Мои робкие попытки по взыванию к здравому смыслу с тыканием в соответствующую строку словарей Ожегова/Ушакова увенчивались если не откровенным покручиванием пальцем у виска, то по крайней мере клятвенными заверениями в том, что сии омонимы являются таковыми только лишь в качестве омографов, а вовсе не омофонов. И что так было искони заведено: в море сУдно, а в больнице суднО. И единственное, чем они отличаются, —  это вода. Вернее, ее местоположение. В первом случае она снаружи, во втором внутри.

На вопрос, не превращается ли судно, давшее течь, в суднО, сведущие люди лишь снисходительно пожимали плечами, дивясь скудоумию и недалекости вопрошающего.

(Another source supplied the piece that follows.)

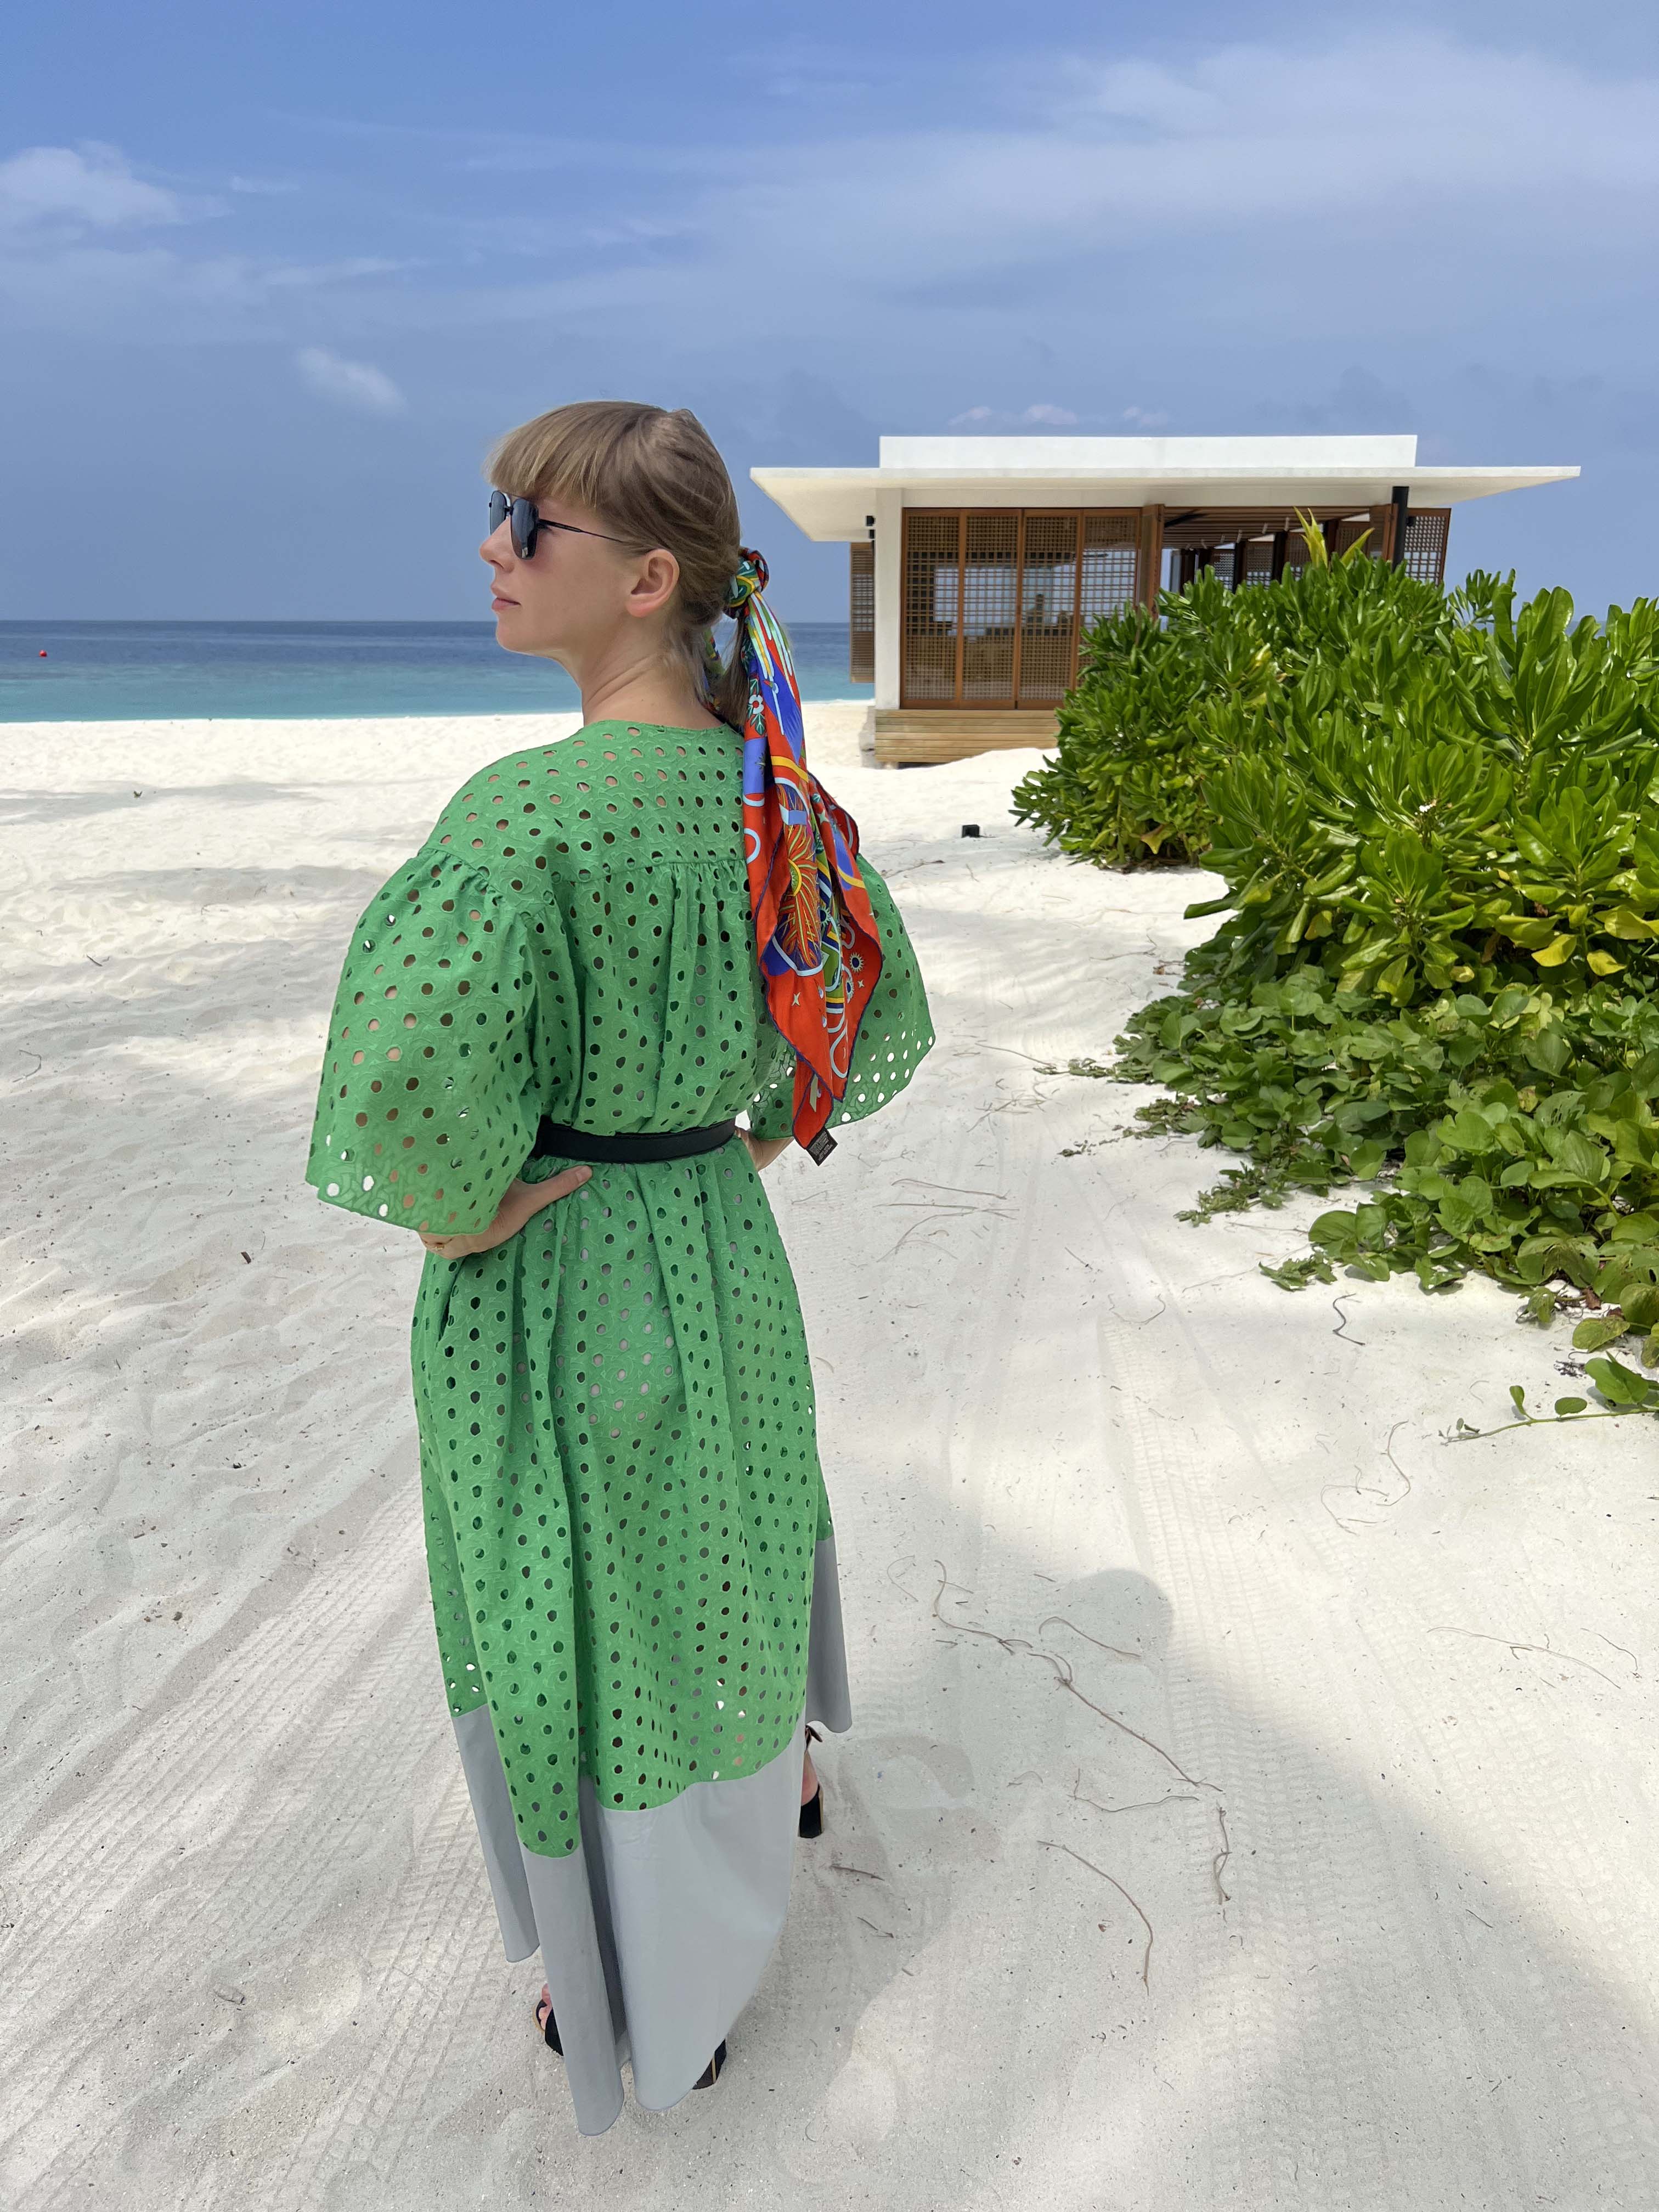 Пять причин провести отпуск в бутик-отеле Alila Kothaifaru Maldives. Выбор Вики Газинской (фото 6)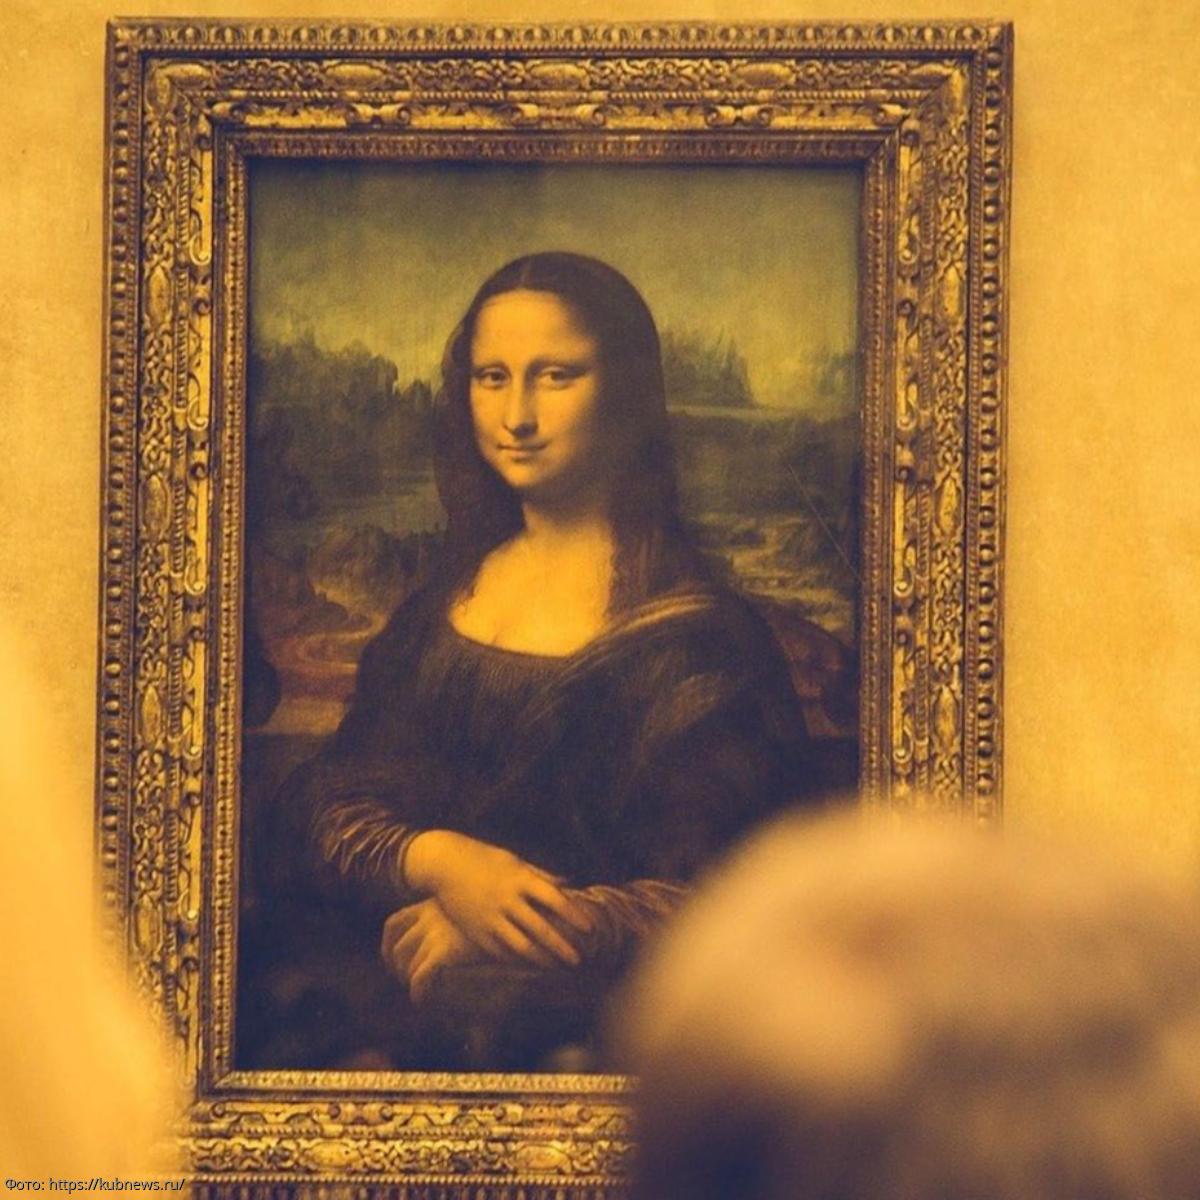 Жизненный код мастера Леонарда: что такое знаменитая улыбка Моны Лизы?

Кульминация моего повествования пришлась на  тот самый момент, когда правое полушарие, отвечающее за эмоции, уравновесилось, наконец левым, которое, как известно, контролирует логику. Тогда при упоминании злосчастного «суднА», нейроны головного мозга, доселе готовые биться до последней элементарной частицы во имя торжества правды, справедливости, высшей идеи (ненужное зачеркнуть), перестали вскидывать ружья наизготовку, а лишь смиренно и обреченно вздыхали, мол, наше дело маленькое, главное, чтоб руки-ноги действовали не совсем уж независимо от головы.

Волею случая выпало мне стать свидетелем странного предложения.
Медсестра, помогая больному встать с постели для препровождения его в комнату для отправления естественных надобностей (в простонародье туалет), заметила вдруг, как побледнели чело и ланиты болящего, и в порыве милосердия, ниспосланного ей не только по должности, но паче из человеколюбия к страждущему, с невероятной теплотой в голосе предложила: «Может, лучше СУКНО принести?!»

СУКНО!!!

В тот миг мои нейроны, как мне показалось, совершили ритуальное самоубийство, такое массовое харакири, которое должно было помочь избежать позора и по возможности очистить совесть. Ибо они боролись до последнего.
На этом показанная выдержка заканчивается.